Greenwood Cemetery is a city cemetery established in c. 1820 in Tuscaloosa, Alabama, U.S.. It is the oldest cemetery in the city and is located near the First African Baptist Church. It has a historical marker erected in 1996 by City of Tuscaloosa, the Heritage Commission of Tuscaloosa County, and Cahaba Trace Commission. Greenwood Cemetery is listed on the Alabama Register of Landmarks and Heritage since July 26, 1983.

== History ==
The exact founding date of Greenwood Cemetery is not known with many sources stating 1820, however others have stated 1819 and 1821. The cemetery has some 1,500 graves. Many of the early marble headstones were carved in New Orleans, Louisiana. It contains a main entrance with an ornate iron gate.

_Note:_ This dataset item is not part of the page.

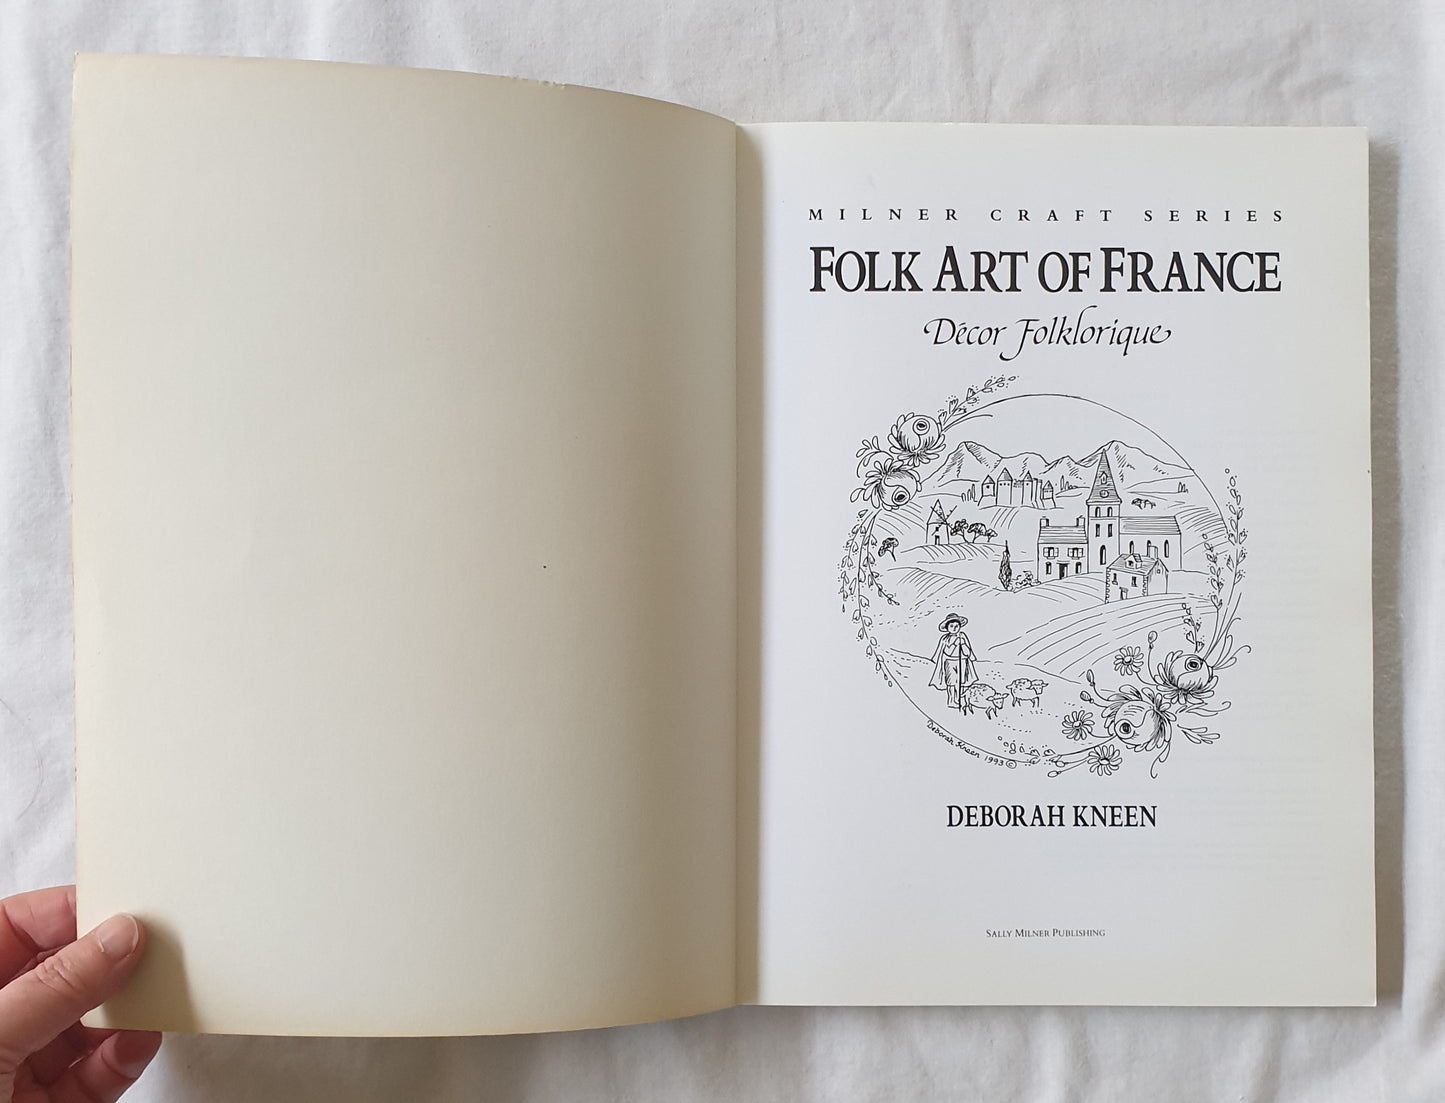 Folk Art of France by Deborah Kneen

Greenwood Cemetery is the resting place for five veterans of the American Revolution. Several key figures in the city's history can also be found at the cemetery including former mayors, and Tuscaloosa's first probate judge.

A team of volunteers maintain and clean the cemetery grounds.

== Burials ==
- John Drish of the Drish Mansion.
- Phillip Dale Roddey, Confederate General
- Rev. Charles Allen Stillman, the founder of Stillman College

== See also ==
- List of cemeteries in Alabama
- Properties on the Alabama Register of Landmarks and Heritage by county (Pickens–Winston)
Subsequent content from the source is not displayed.